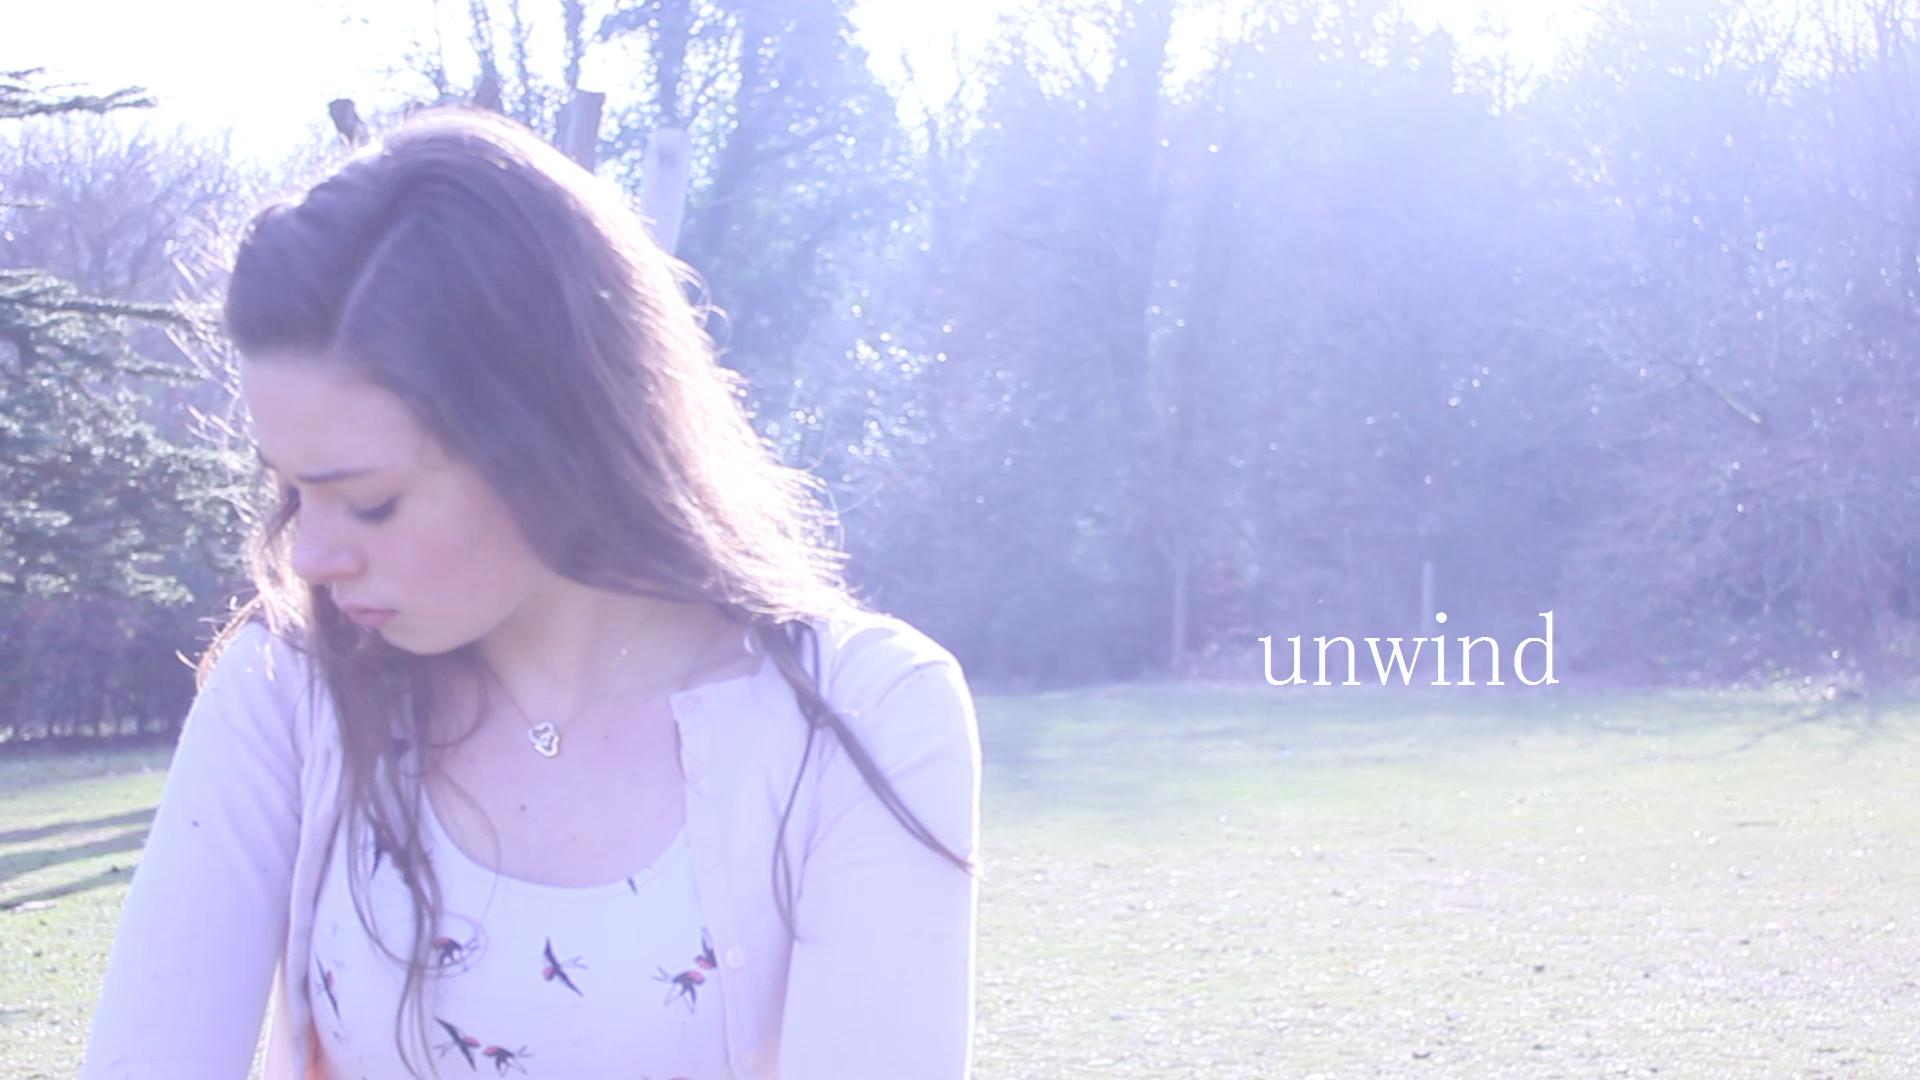 Unwind poster
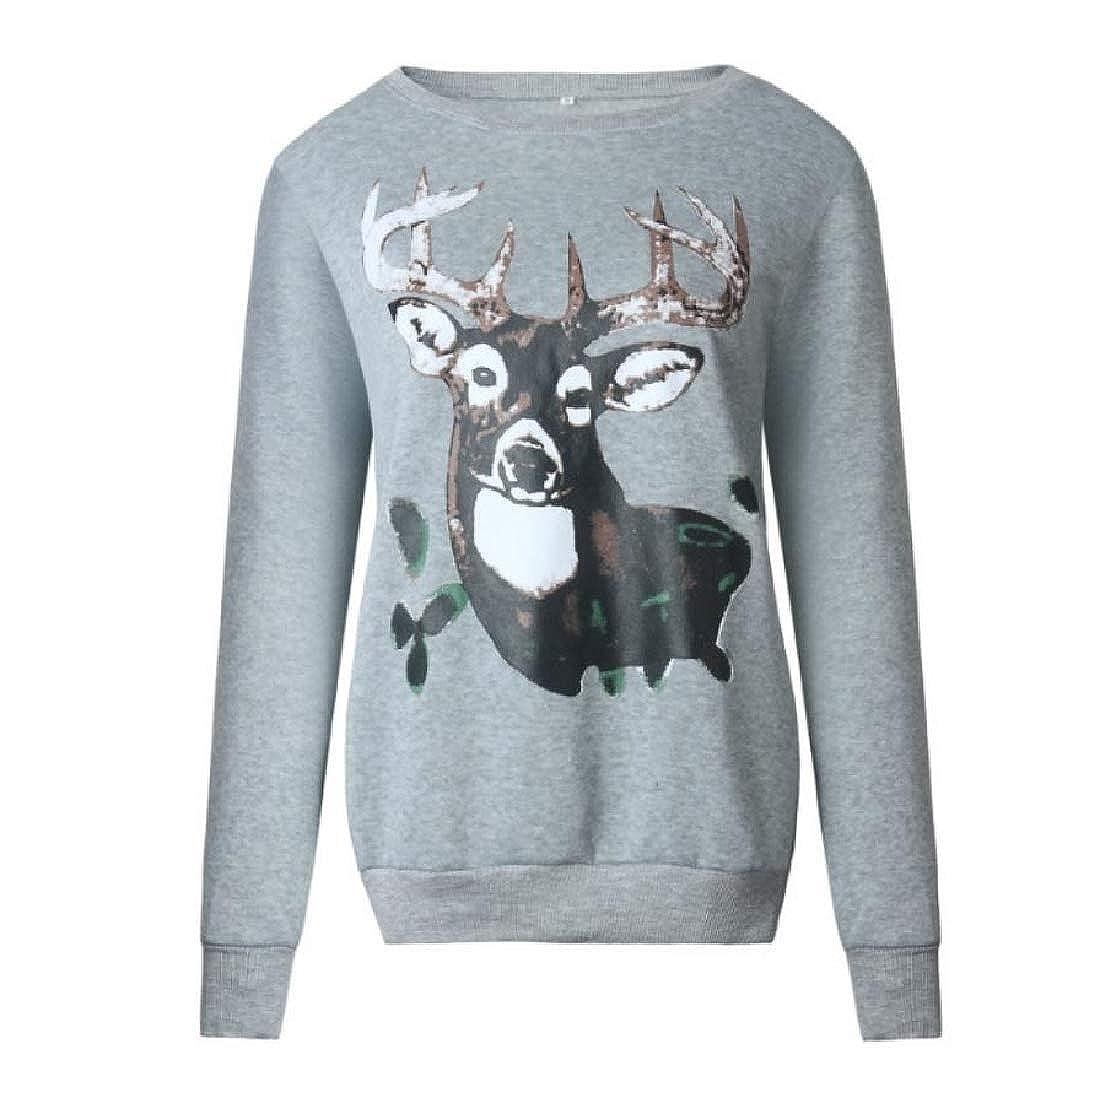 YUNY Women Reindeer Merry Christmas Sweatshirt Outdoors Outwear Tops Grey L
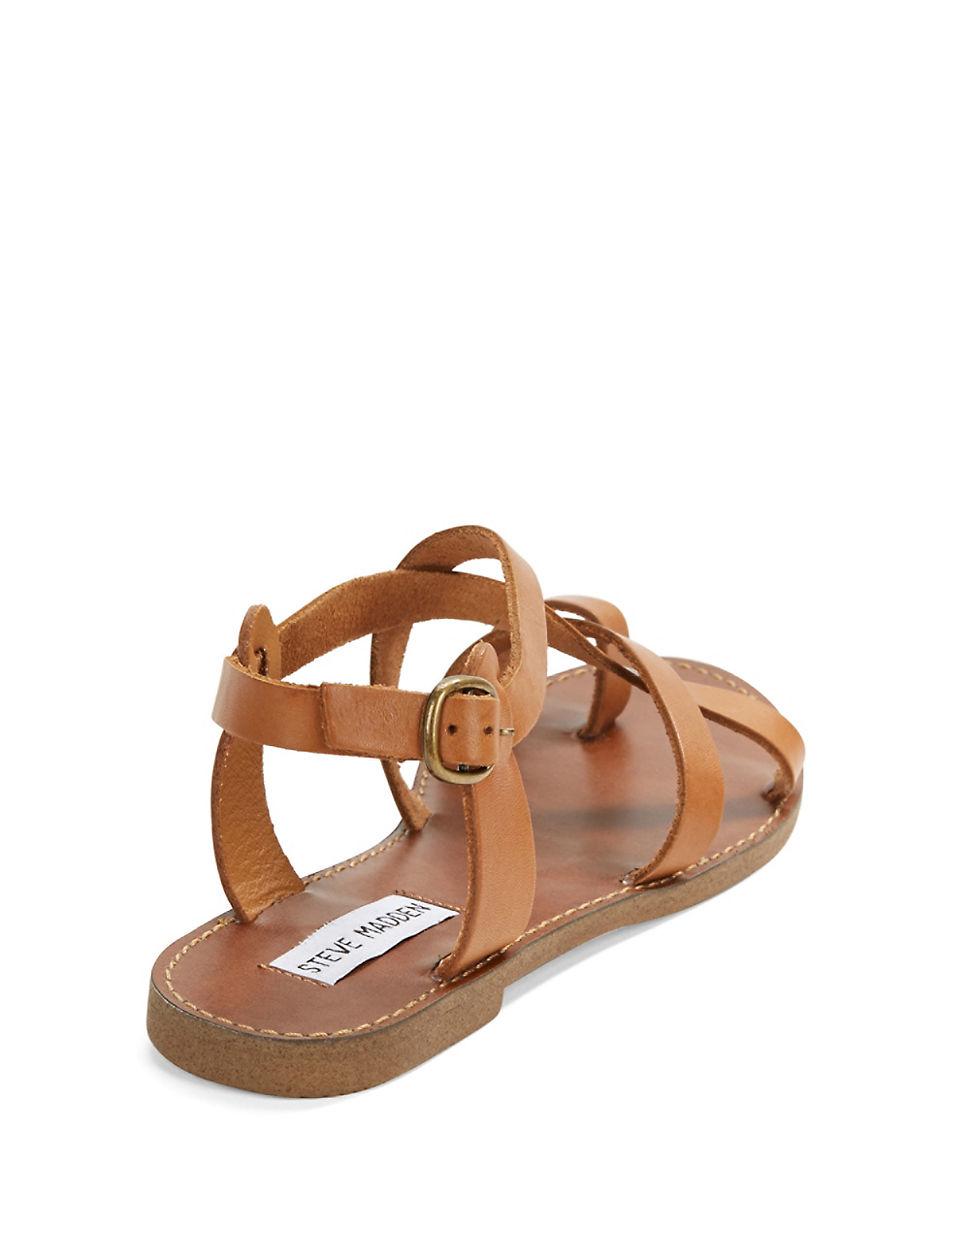 steve madden agathist leather strappy sandals in brown lyst. Black Bedroom Furniture Sets. Home Design Ideas

WHAT IS NEEDED: Pictures are not part of the copy. Please reproduce the material word for word.

OUTPUT OF THE TASK:
 Unwind poster
 YUNY Women Reindeer Merry Christmas Sweatshirt Outdoors Outwear Tops Grey L
 steve madden agathist leather strappy sandals in brown lyst. Black Bedroom Furniture Sets. Home Design Ideas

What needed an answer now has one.